A little behind schedule, Dr Werner Vogels opened the summit with a comprehensive (read long) keynote on the AWS now and in the future, including some of the new services that have come about recently (53 in the first quarter of 2013 alone). He introduced a number of customers who have used the AWS platform, including a number of very large names in the UK, such as Shell and as well as smaller start-ups such as Shutl.
Big Werner Vogals on a very big stage |
Werner outlined the strategy for the company and gave us little insights into the internal workings of Amazon. In particular, how Amazon believes in and practises lean principles at their organisation. The insight into how some of the cloud based operations at other organisations seemed to, in part, back up some of the stereotypes associated with the governance of data, such as don't put most sensitive data online. This didn't seem to be a concern at all points and was certainly not one imposed due to any technical limitation, but it did show that some organisations do still have some concerns surrounding the non-colocation of their data.
Steve Schmidt then took over and introduced a number of key information security objectives. He had a lot to say and there was a lot of detail about the AWS security processes and policies. Very impressive as it happens but given they have DoD clients, this is hardly surprising. One of the implicit things that both Steve and Werner introduced without 'saying' in both their own and case study examples was the need for good governance. Indeed, shell were very explicit about their data governance and as such, cloud should never be considered something that should allow your governance processes to become lax. Indeed, the opposite is true in cloud environments. An important lesson there, especially in VPC environments where the clients manage their own keys.
After lunch, which was very popular (So I started to write this blog post until the queue died down), the breakout sessions began. I stuck myself on the bootstrap sessions mostly, but wanted to head into the Architecting for High Availability thread. My phone's battery was being a bit 'negative' and I worried that I would run out of juice from taking all the pictures that I was taking and sure enough, by the time it got to the HA presentation by Ianni Vanvadelis, I had no more juice to take any pics of relevant slides. As it happens, for the customer case study, presented by Dan Richardson, Director of Engineering at Just-Eat, the slides were not there anyway. It was unfortunate, but he actually did a brilliant job in winging it and still managed to get his message across.
Prior to that however, I attended the Bootstrap tracks of "Your first week with Amazon EC2", "Agility and Cost Savings: Achieving the IT 'X-factor'" and the Keynote tracks of AWS OpsWorks, presenting a deep dive with the OpsWorks environment by Thomas Metschke, which was a very technical example of how to combine Chef, Ruby, Git and Jenkins with OpsWorks to deploy to different CM configs. OpsWorks is an excellent platform for this, I have to say.

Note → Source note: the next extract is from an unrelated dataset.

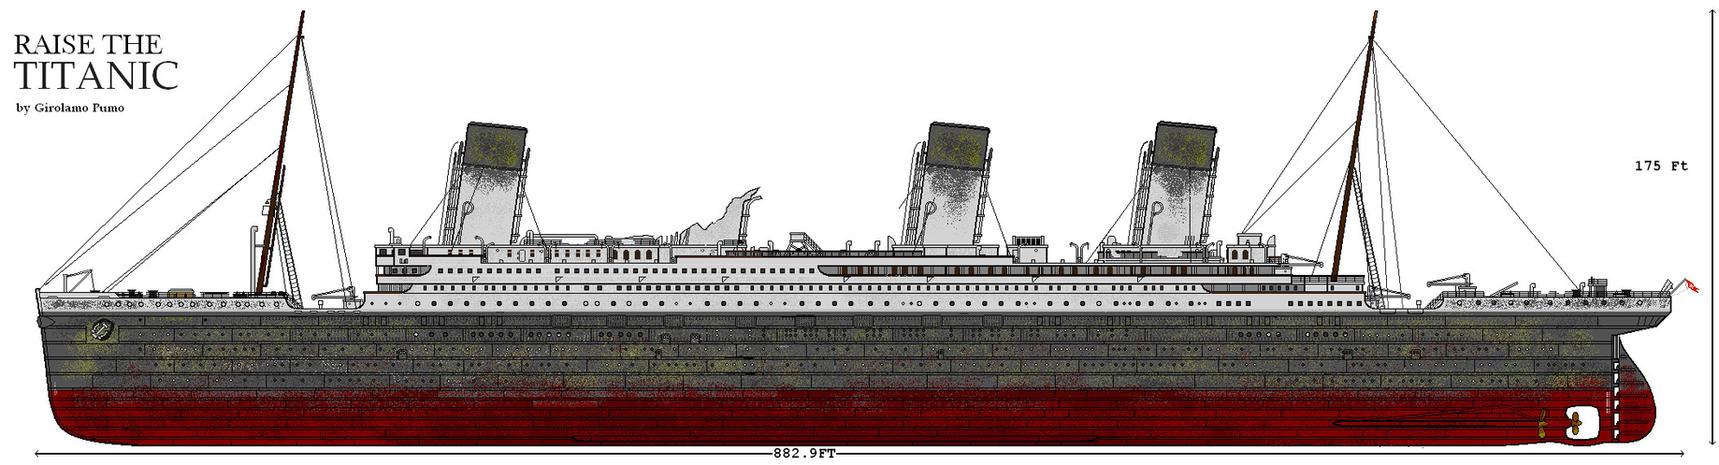 Ship Raise The Titanic By Lupin3ITA On DeviantArt

I went to the X-factor track and my phone died completely. It was tough going from that point onwards, but obviously means I should have known how long my battery would last. However, not being big on photography (with a face like mine, it isn't something that I do much of ;-). Comparing the costings of cloud versus on premise platforms is something I tend to do a lot of anyway, so there wasn't really much new there. However, there is a TCO tool that has been created by AWS for just this purpose. Also, the different costing models were introduced and made very clear. What was interesting was the use of 'Spot pricing' models, which I finally figured out a use for, especially in non-mission critical/off-line work. Reserved instancing is also something I am going to be looking more into. However, it is good to know that I value things the same way AWS do. Having grown up in a house full of economists and financiers hasn't gone to waste ;-)
What was interesting about what Dan Roger told us about was what he didn't tell us. In that session he drew comparison of On-Demand against reserved instances at various levels. you can see the slide above, but what he also shows is the break even with Heavy, Medium and Light Utilisation Reserved instances with each other. In this example, at 8 months it makes no difference which option you choose. This is on top of the very obvious comparison with 1 or 2 month on-demand services.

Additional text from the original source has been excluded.